Sustainability – Not a Myth, but Not What You May Think
From time to time we keep a tally in our office of what term we either say or hear most often in a week: sustainability, business model, or capitalization. Lately, sustainability is definitely leading the pack. But what ISsustainability? We know what it ISN’T – a guaranteed flow of grants, contributions, and endowment returns that will remove all financial and organizational worries. That’s the myth that won’t go away. Sustainability is much more than revenue. Even if you won the Powerball (and, of course, donated it all to your organization) the funds would eventually run out. Nonprofits have to sustain their work in many ways. I see sustainability as an integrated approach to remain vital and relevant in the community with three key aspects.
Do great work
Why else stay in business? Ask yourself this: what’s the worse case scenario? I’d hate to have to call my board chair and say, “I just found out that we are out of cash and I don’t know if we’ll make payroll next month.” That’s a nightmare for executive directors but it’s a technical problem.

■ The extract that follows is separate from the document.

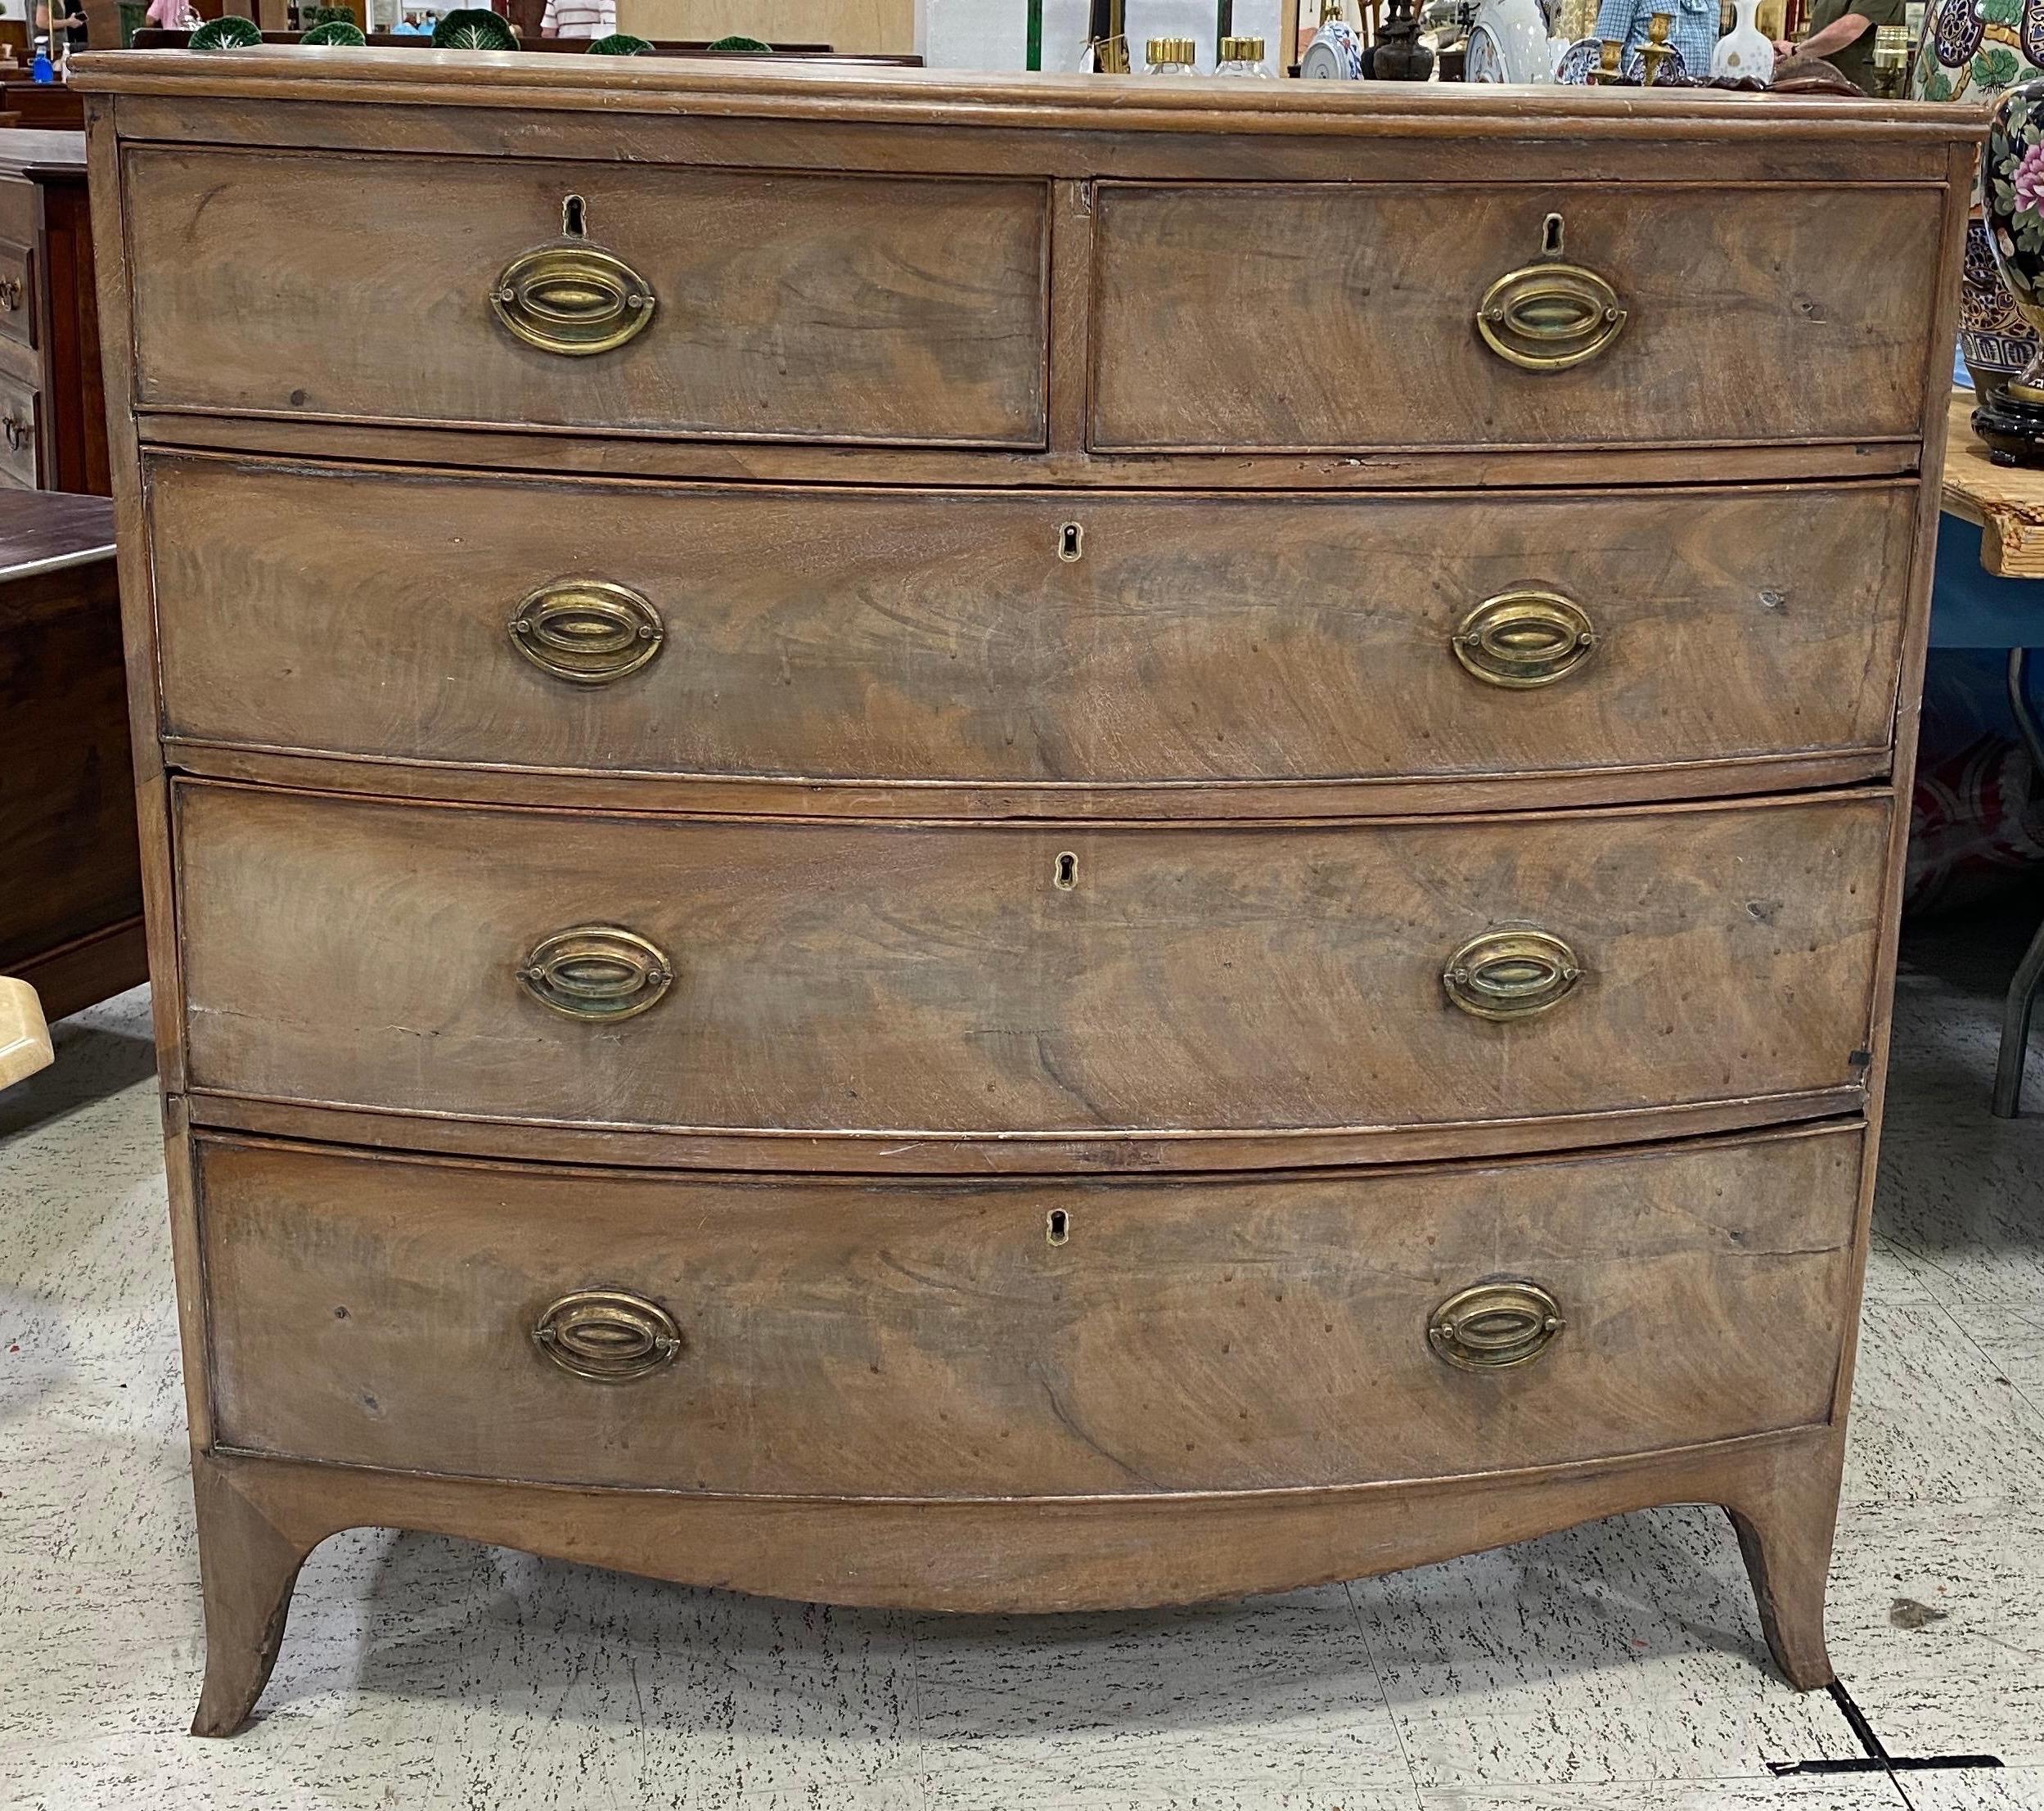 Great color on this 19th century bleached English mahogany bowfront chest of drawers. 2 drawers over 3, resting on bracket feet.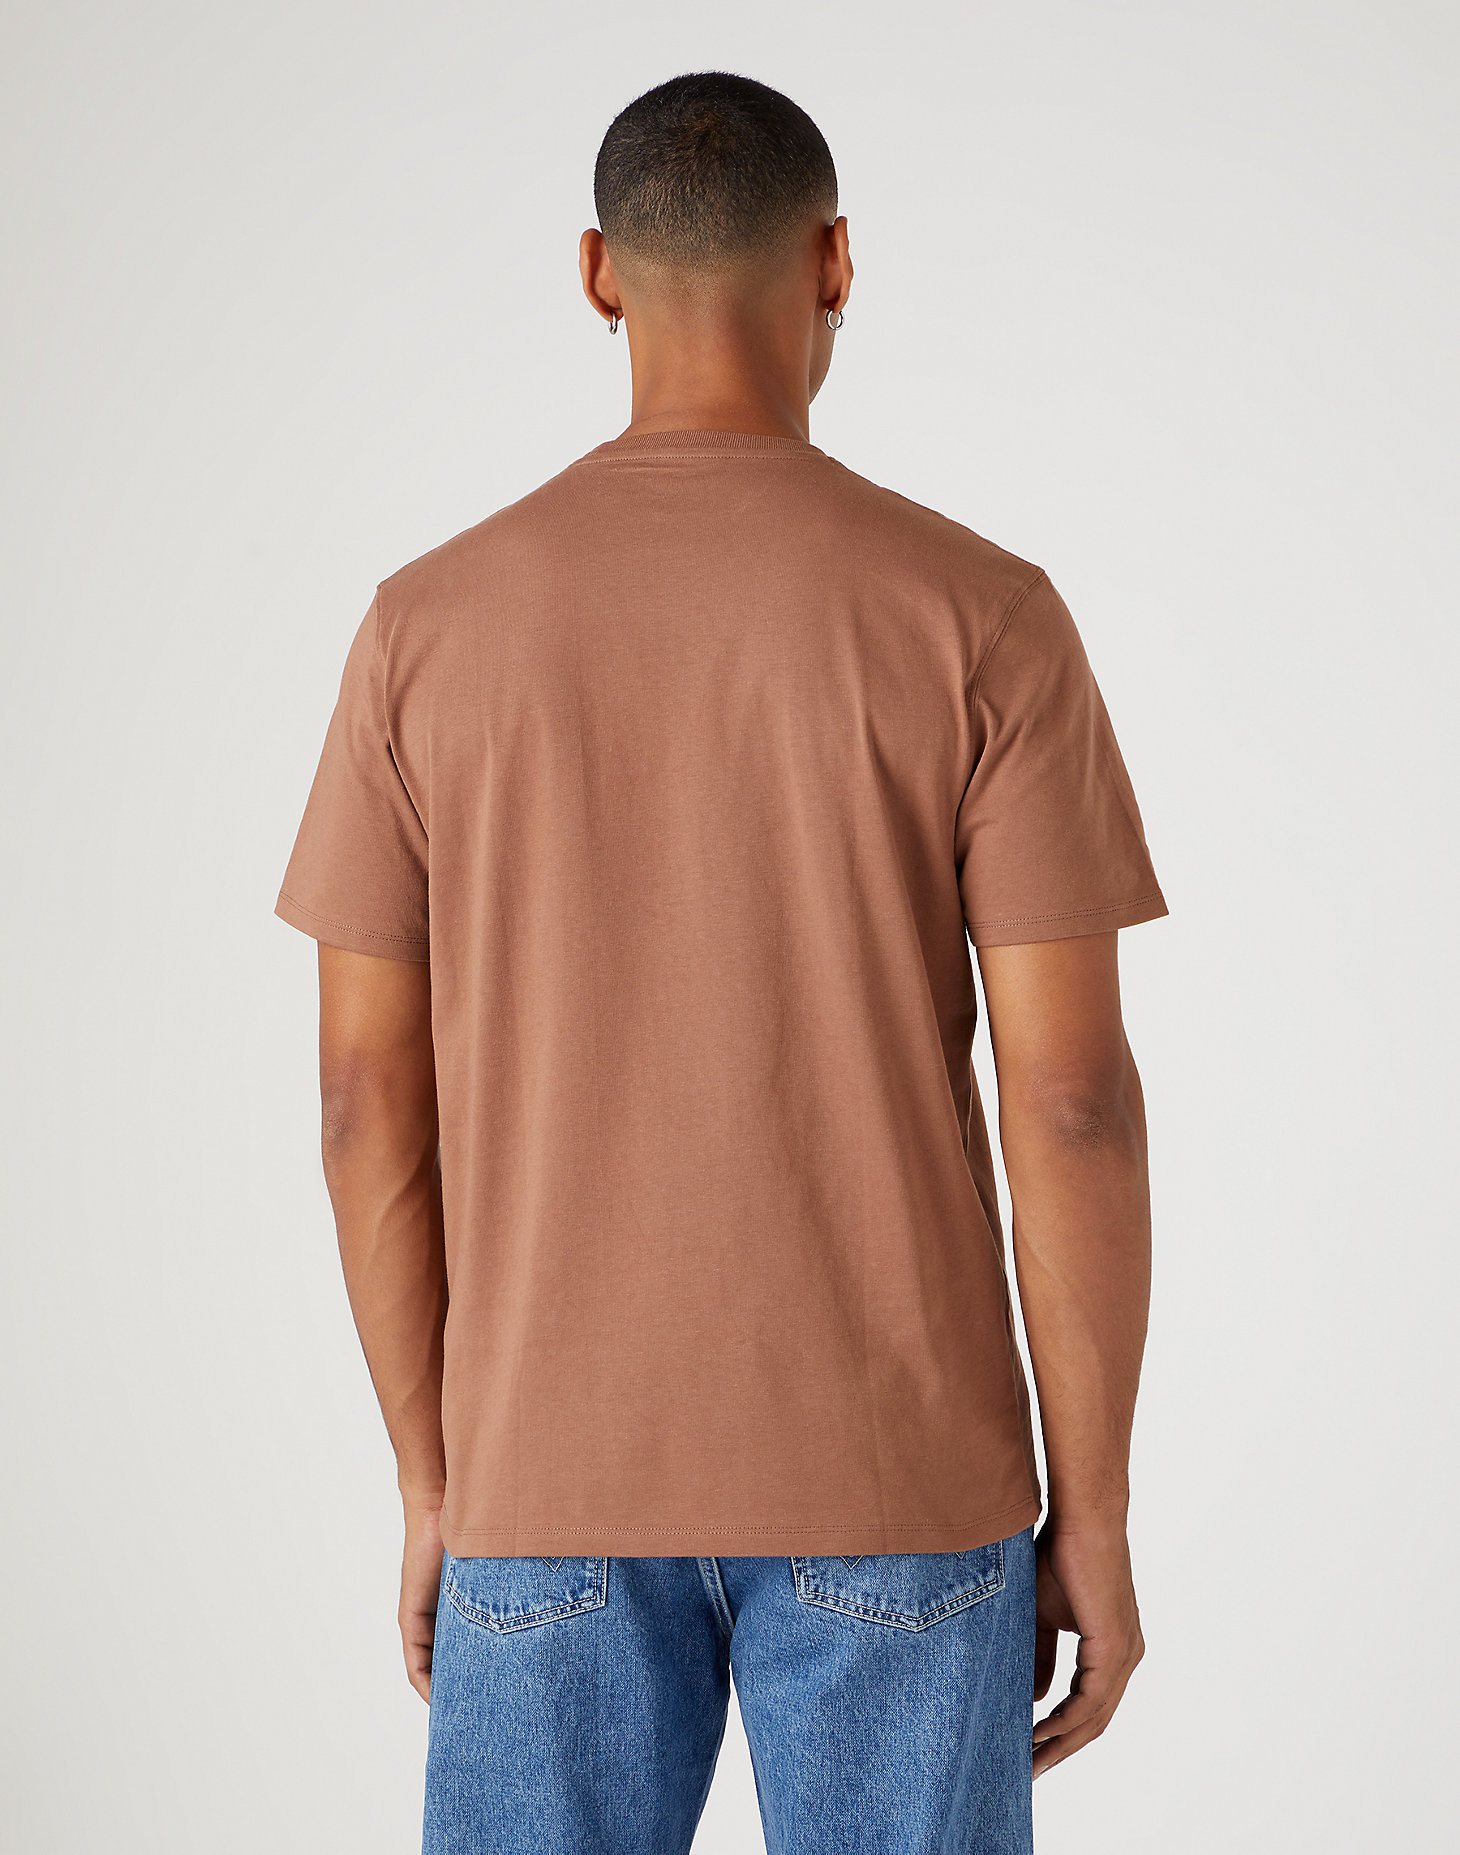 Pocket Tee in Cappuccino alternative view 2

The worse case scenario is this call: “We just finished a complete review and discovered that our programs don’t work. We are making no progress at all to improve or help our community.” That’s fatal. The number one component for sustainability is to do great work that will result in progress for your mission, which means you have to define what it is and how you’ll know.
Make the business work
We’ve all heard the admonition that “nonprofits should learn to operate more like a business.” Nonsense. Nonprofits are businesses – but we have to move past an engrained culture at some organizations that financial health is impossible. An article from February 2012 about the Collapse of Famous Hull House includes this quote from a former executive: “we were very used to social service agencies always being on the brink on destruction. … Some of the board members didn’t get the idea of living on the edge.” If we buy this “model” for nonprofits then we will never be stable. We don’t need to “learn to operate more like a business”. What we need is to operate our nonprofit businesses well. Our article Transforming Nonprofit Business Models defines the four inter-related components of a business model: revenue mix; cost of effective programs; infrastructure; and capital structure. Nonprofits can analyze and understand their current business model and then incorporate business model changes into strategic decisions. Surprisingly, more revenue isn’t always optimal. A major change in any one component ripples through the other three and requires adjustment and re-balancing.
Adapt and change
One of the common issues in most of the high profile stories of nonprofit crisis or failure in the last few years has been extreme resistance to change. The source of resistance differs – staff, board, funders, community, organizational history – but the denial is fatal. Thriving organizations have learned to adapt. We’ve all tried to work with a five-year strategic plan with 5 or 6 big goals, each with 5 or 10 sub-goals or tactics. These don’t work now – if they ever did. The world isn’t static or predictable. The capacity to change and adapt may be the critical capacity for sustainability. Does your organization change reluctantly, or do you continuously seek feedback to learn and plan the next adaptation? In the study Bright Spots Leadership in the Pacific Northwest, the director of On the Boards, a Seattle-based performing arts organization, says: “We have grown up with the idea that if you’re not growing, you’re dying. That mentality is ever-present and it’s lethal. The expectation that we will always be able to do more needs to change. We need to replace it with an expectation that we remain fresh, vital, relevant, and healthy.”
I nominate “fresh, vital, relevant and healthy” as the definition of nonprofit sustainability. Do great work, make the business work, adapt and change. Repeat.